Mientras hablaban, habían ido bajando la escalera desde la cuarta planta, muy lentamente, pero entonces Paola se paró.
– Me parece que yo no entiendo mucho de eso, Claudia.
– Me hago cargo, professoressa. Pero fui a ver a un abogado, que me pedía cinco millones de liras para darme una respuesta, y entonces me acordé de que su esposo es policía y pensé que quizá él pudiera decírmelo.
Paola hizo un rápido gesto de asentimiento para indicar que había comprendido.
– ¿Puede decirme qué es exactamente lo que quiere que le pregunte, Claudia?
– Si existe algún procedimiento legal para otorgar a una persona que ha muerto el perdón por algo por lo que fue procesada.
– ¿Sólo procesada?
– Sí.
Ya empezaban a avistarse los límites de la paciencia de Paola cuando preguntó:
– ¿Ni condenada ni encarcelada?
– En realidad no. Es decir, condenada pero no encarcelada.
Paola sonrió y puso una mano en el brazo de la muchacha.
– Me parece que esto no lo entiendo. ¿Condenada pero no encarcelada? ¿Cómo es posible?
La muchacha miró por encima de la barandilla a la puerta del edificio, abierta, casi como si la pregunta de Paola le hiciera pensar en la fuga. Se volvió hacia Paola y respondió:
– Porque el tribunal dijo que estaba loco.
Paola, absteniéndose escrupulosamente de indagar en la identidad de aquella persona, consideró esa respuesta antes de preguntar:
– ¿Adónde lo enviaron?
– A San Servolo. Allí murió.
Paola, al igual que todos los habitantes de Venecia, sabía que la isla de San Servolo había albergado el manicomio hasta que la legge Basaglia cerró esos establecimientos y liberó a los pacientes o los internó en centros menos siniestros.
Aun intuyendo una negativa, Paola preguntó:
– ¿No quiere decirme cuál fue el delito?
– No; me parece que no -respondió la muchacha, que entonces siguió bajando la escalera.
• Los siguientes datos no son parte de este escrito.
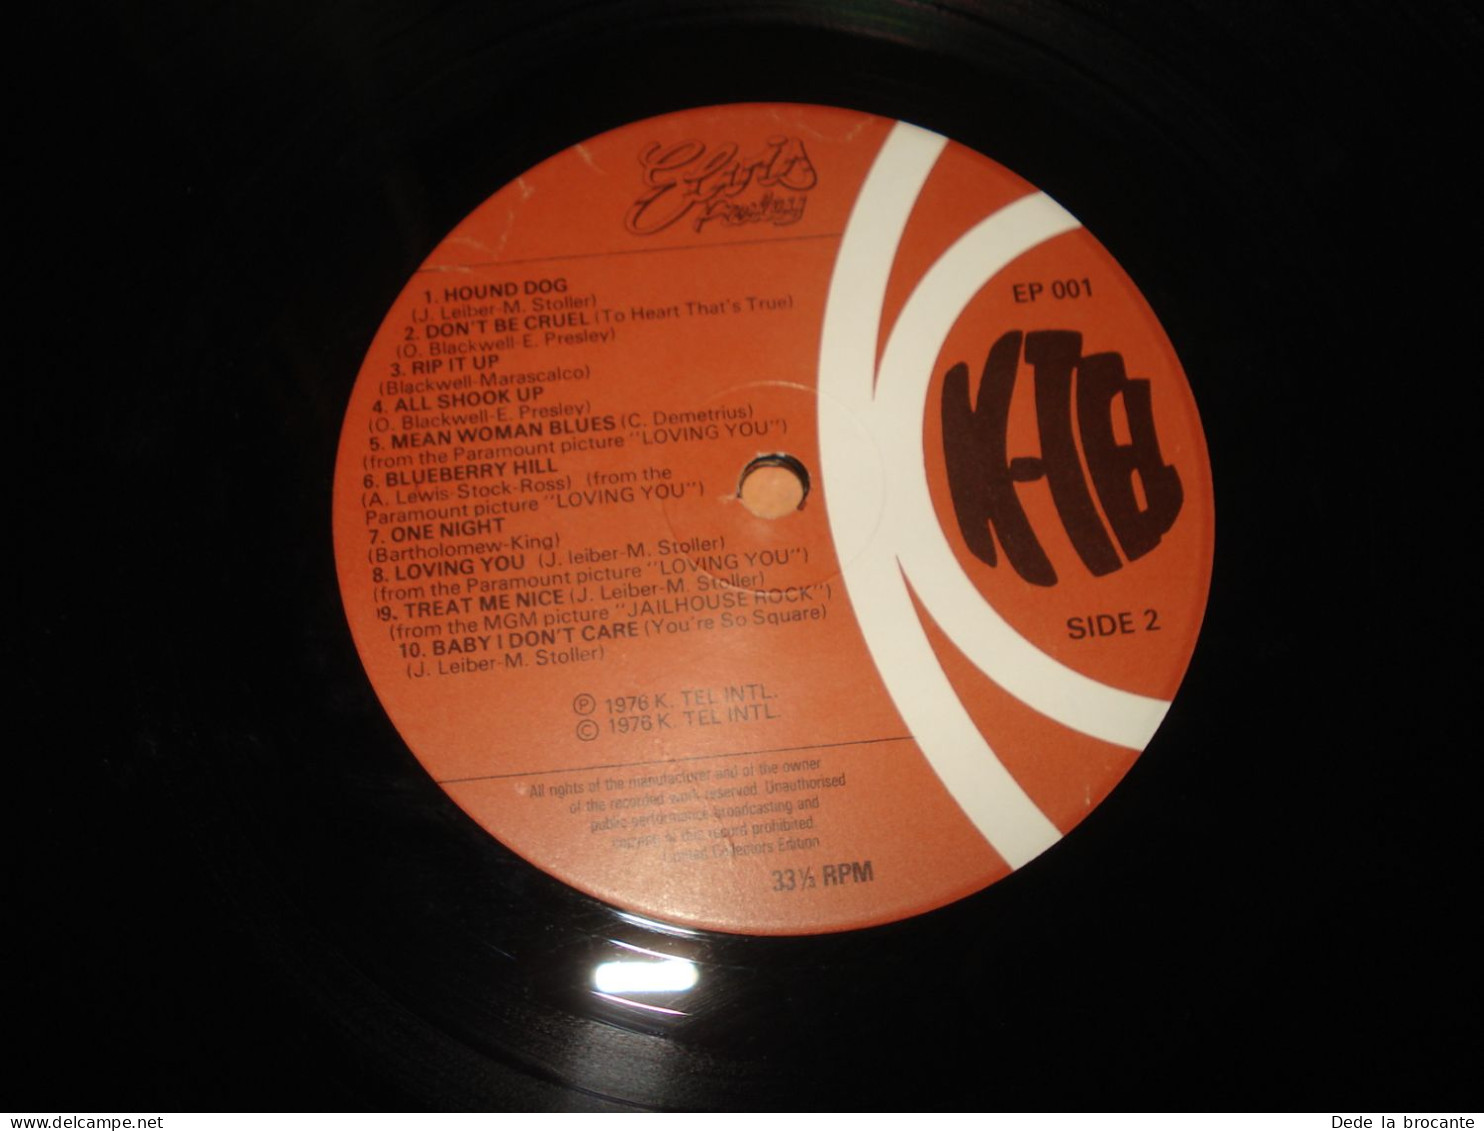 B11 (7)/ Elvis " Le roi du " - Double album - K TEL - EP 001 - Fr 1976 - N.M/N.M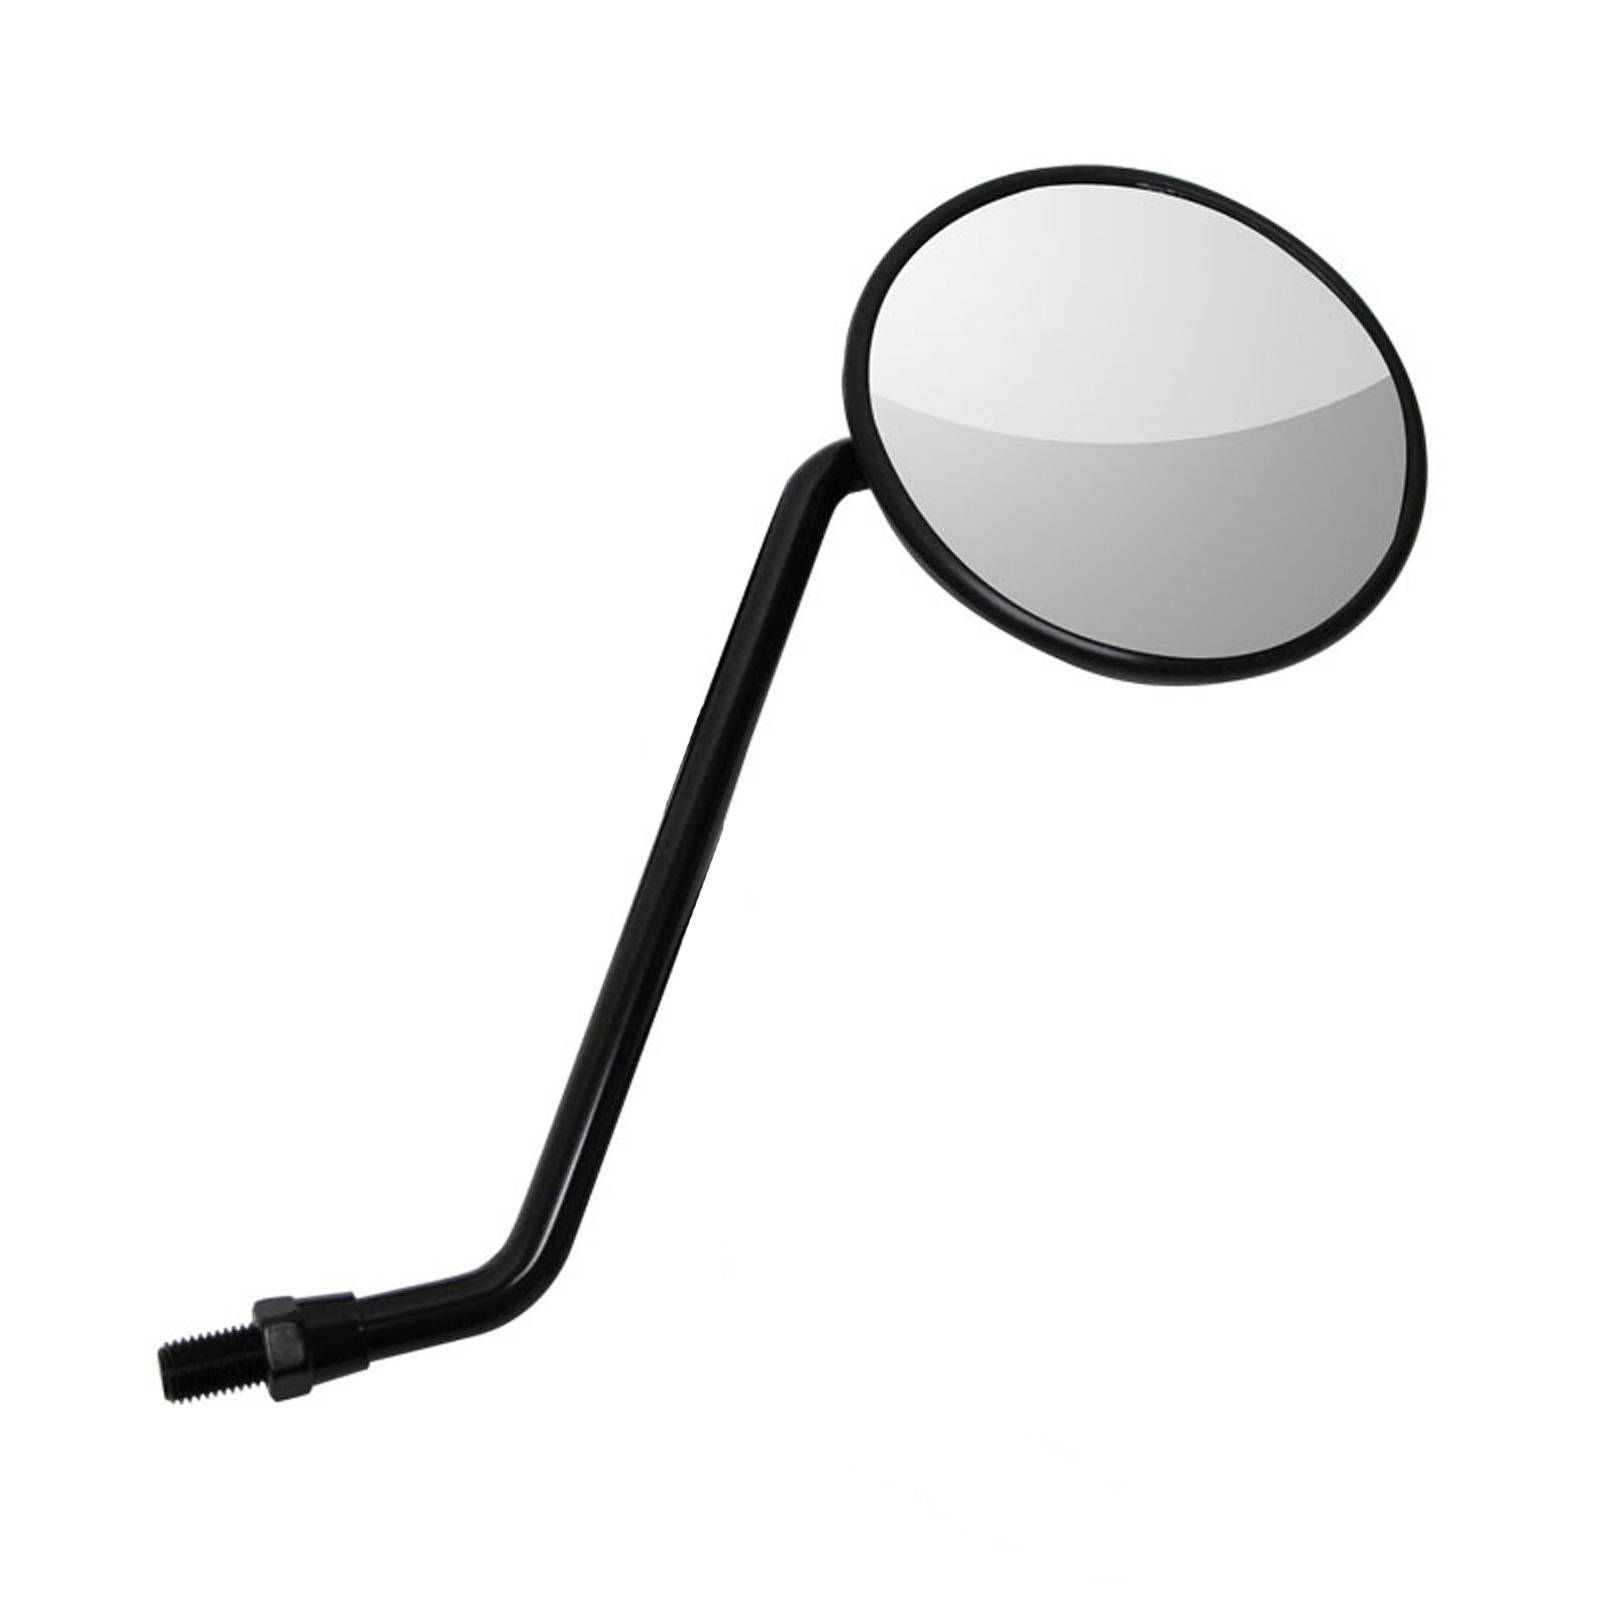 New WHITES Mirror - Black Round CT110 Style 10mm (EA) #MIR201195

Al llegar abajo, se volvió y gritó-: ¿Se lo preguntará?
– Claro que sí -respondió Paola, consciente de que lo haría tanto para complacer a aquella muchacha como para satisfacer su propia curiosidad.
– Gracias, professoressa. Hasta la próxima semana en clase. -Claudia fue hasta la puerta, se volvió y levantó la mirada hacia Paola-. Me han gustado las novelas. Me dio mucha pena que Lily tuviera que morir de aquel modo. Pero fue una muerte honorable, ¿verdad?
Paola asintió, contenta de que, al parecer, por lo menos uno de sus alumnos hubiera comprendido.